Their therapeutic promise notwithstanding, unknowns and potential risks forestall broad
access to cell-based therapies. Animal models and clinical studies report functional and
symptomatic benefits for cardiac transplants with bone marrow stem cells and skeletal
muscle stem cells. Animal models suggest benefits from transplantation with ACS,
mesenchymal cells, and embryonic stem cells. However, the optimal cell types, patient
selection and delivery protocols, comparative efficacies, mechanisms of action, and
longer term risks of these treatments are largely unelucidated. Two particular risks relate
to embryonic stem cell transplants, which, necessarily, are allogeneic: immunogenicity,
and teratoma formation. In many cases, scant knowledge of disease pathogenesis limits
the ability to understand or predict the effects of stem cell therapies. Adjunctive
technologies have not advanced to a sufficient stage for rigorous evaluation of these
therapies on a trial basis, let alone support of broad access. Current imaging technologies
are limited in their abilities to detect, localize, and quantify the transplanted cells in vivo,
so that transplant engraftment and survival can be analyzed clinically. Beyond that,
standardized protocols for acquisition, expansion, storage, distribution, and quality
assurance of stem cell lines are in their infancy. These unknowns might be tolerable for
clinical trials, where clinical consent guidelines are rigorous, studies are carefully
scrutinized for scholarly merit, and where the unusual risk knowingly accepted by
patients is justified by potential patient and social benefit. However, there is widespread
agreement that stem cell therapeutics are unready for routine access outside of clinical
trials.
Yet numerous organizations are providing exactly this sort of access, to patients who are
willing and able to pay their prices and travel to their clinics, often located in locales
where regulation is more lax or loosely enforced. EmCell, in Ukraine, provides
embryonic stem cell transplantation, applying “several kinds of cell suspensions
comprising different kinds of stem cells of different embryonic layers” against a long list
of diseases that ranges from impotency to lymphoma. Medra Inc. provides “human fetal
stem cell therapy”. On their websites, EmCell and Medra list neither contraindications
nor risks of treatment, except to mention that immune rejection and graft versus host
disease do not apply. Costs of treatment, borne entirely by the patient, are $10 000 to $15
000 and $25 000, respectively.
This poster will identify organizations offering stem cell therapies by internet search.

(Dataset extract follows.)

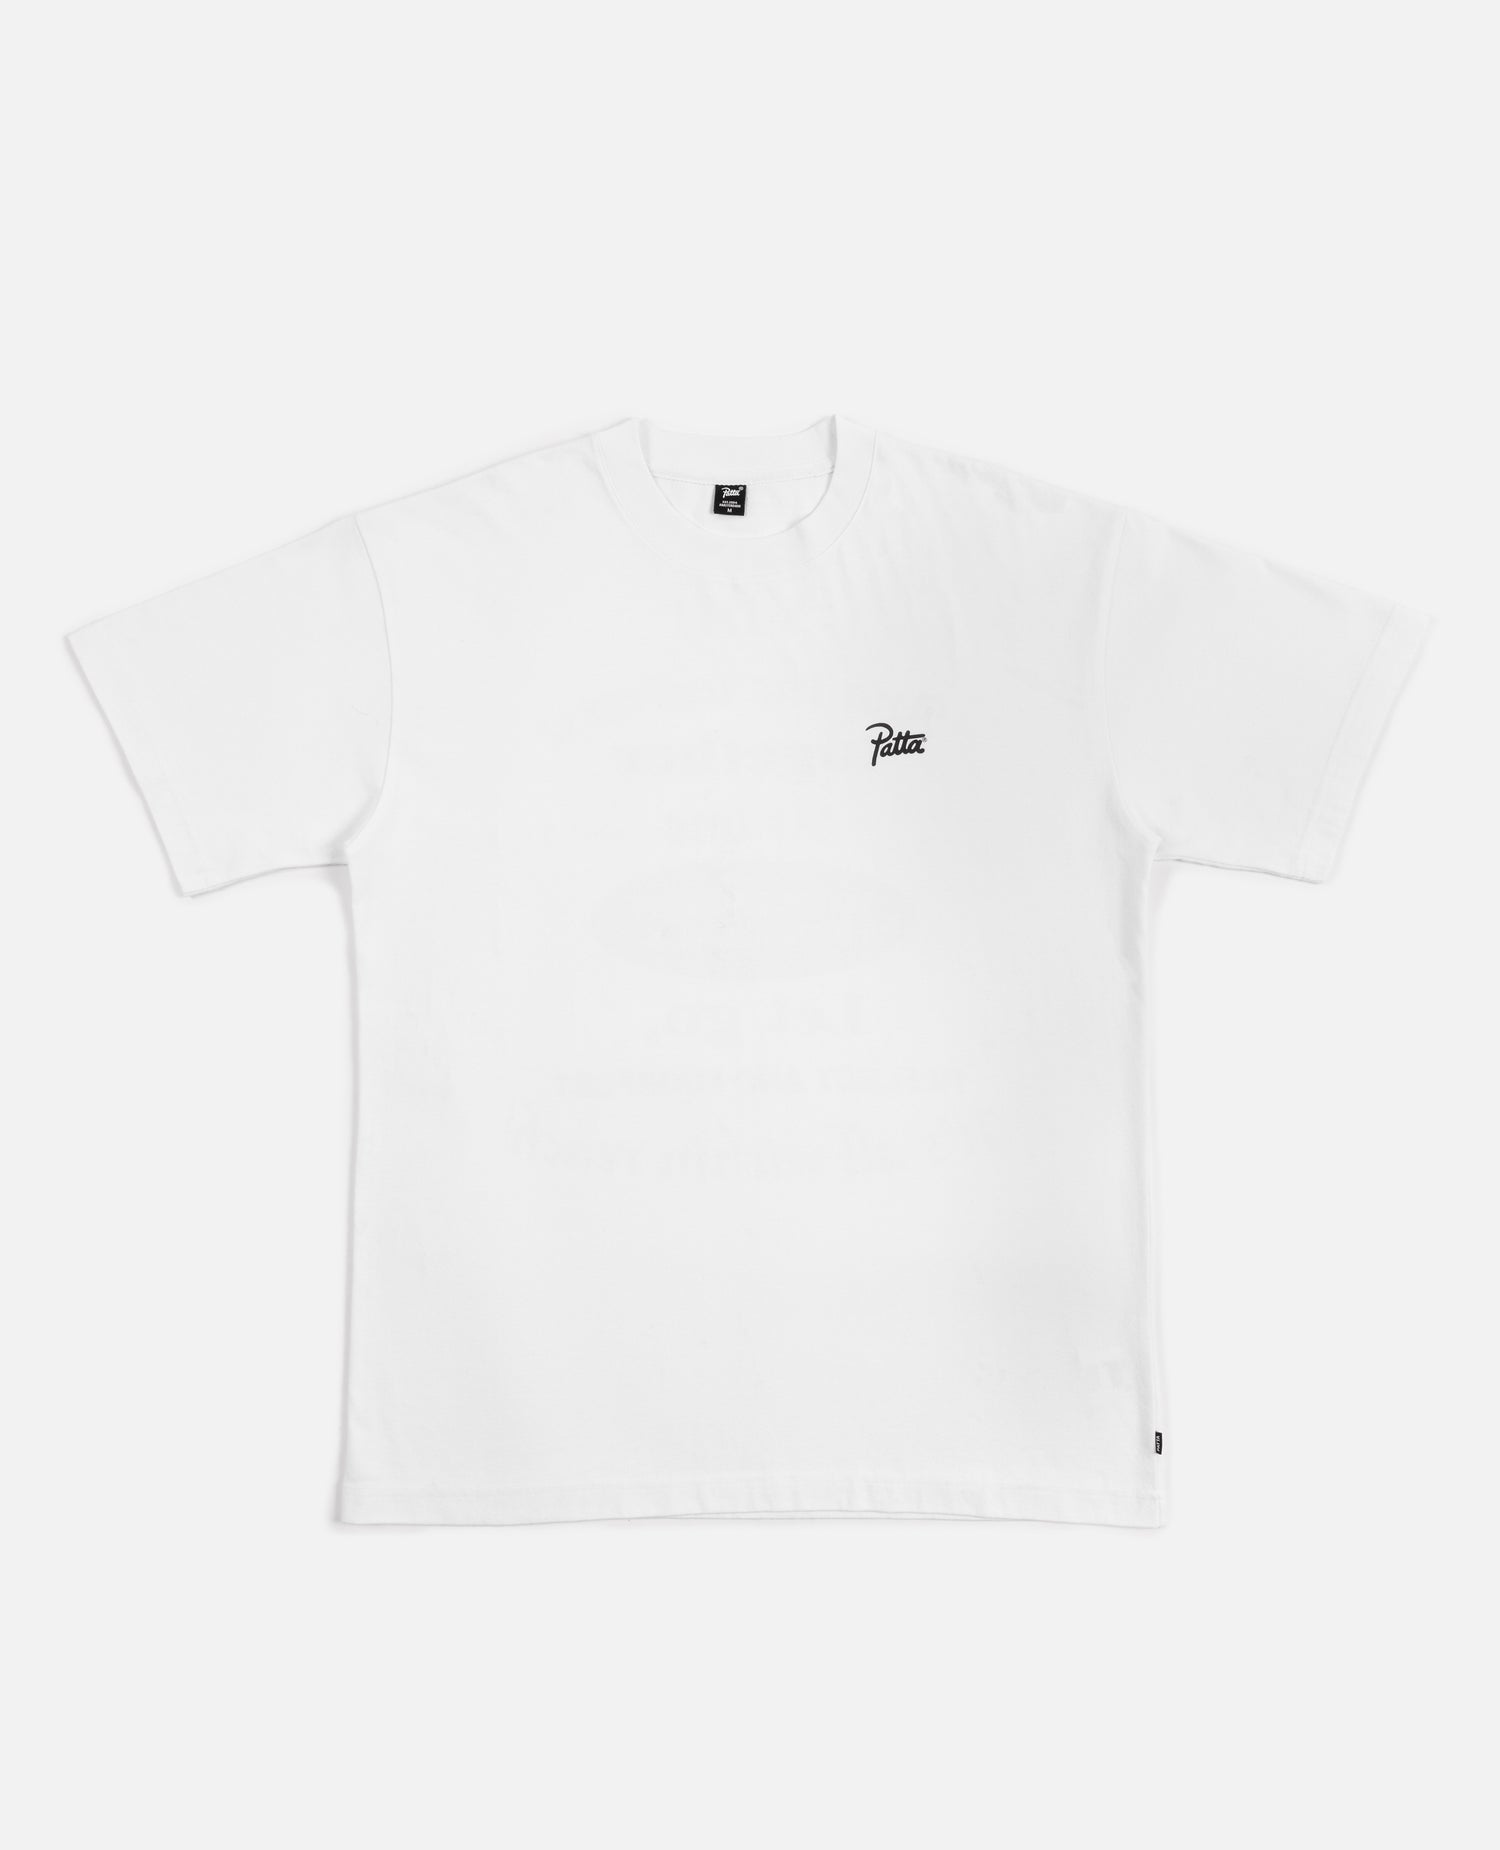 T-shirt délavé Patta Reflect And Manifest (blanc)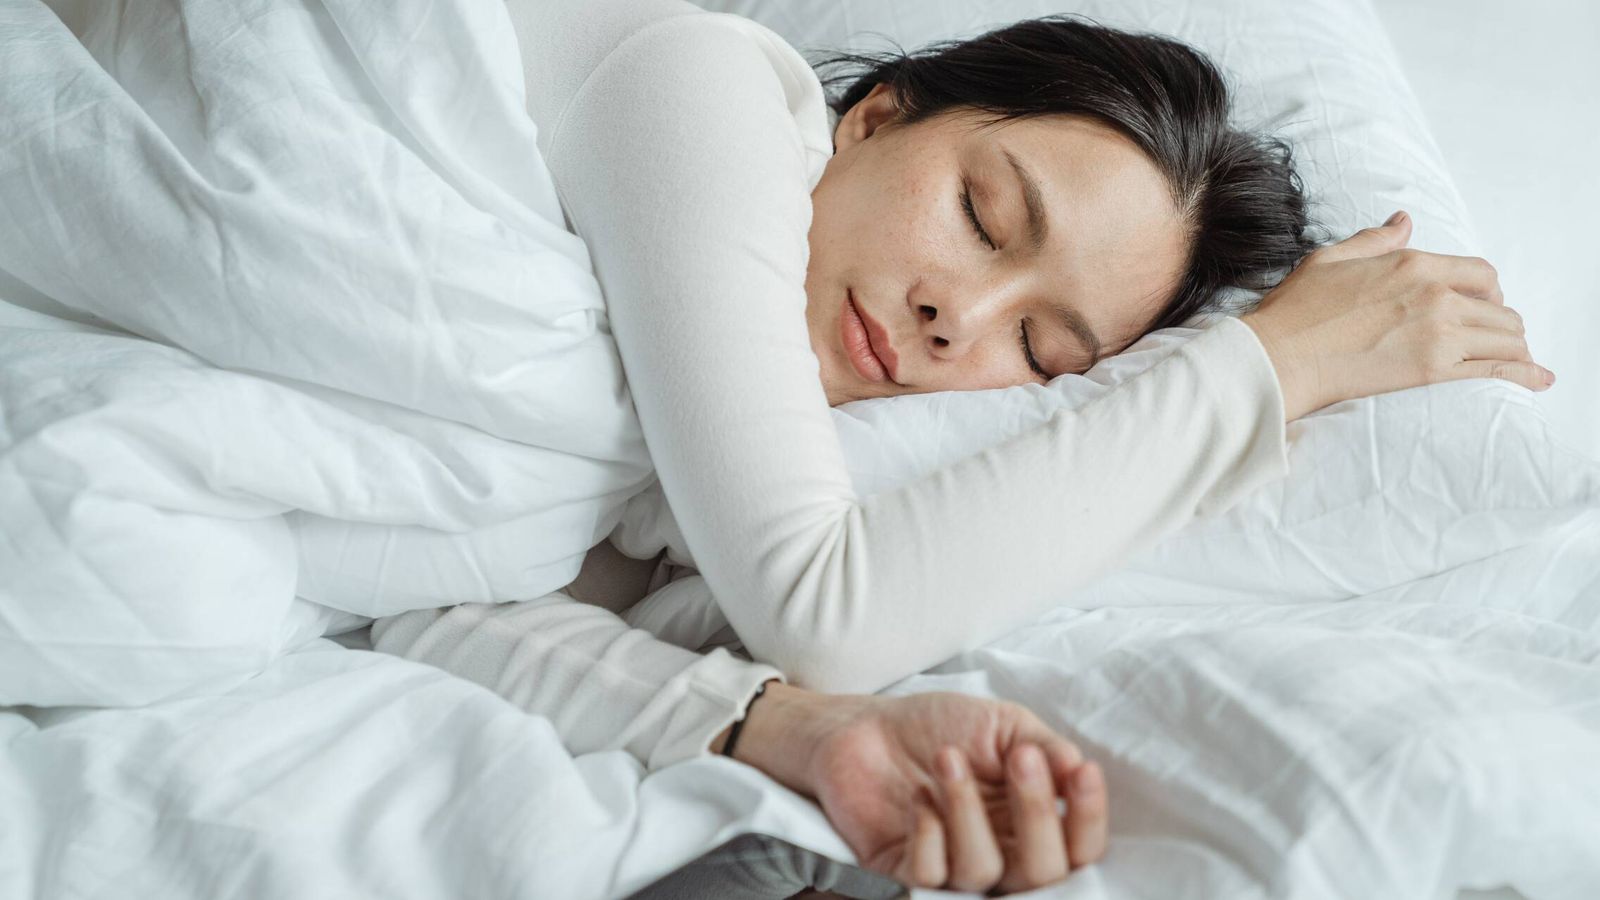 La siesta reduce en un 37% el nivel de estrés. (Pexels/Ketut Subiyanto)

Commercial websites will be archived and analyzed, with particular attention to the
- nature of treatment offered and conditions of access
- therapeutic claims
- indications
- substantiation and evidence
- risks
- providers
- aesthetic website impression
We hypothesize that many of these sites will feature misleading and unsubstantiated
claims, understated risks, and spurious indications. Documenting and analyzing stem cell
offerings will demonstrate potential dangers to patients and to the public attendant on
biotech hype and commercialization. Premature offerings that blur the line between
“quackery” and legitimate science may set unrealistic public expectations, with
implications for public attitudes towards the clinical research community and government
regulators. Finally, the commercial nature of today’s stem cell offerings may be
predictive of a commercial “frenzy” waiting on the heels of successful clinical trials.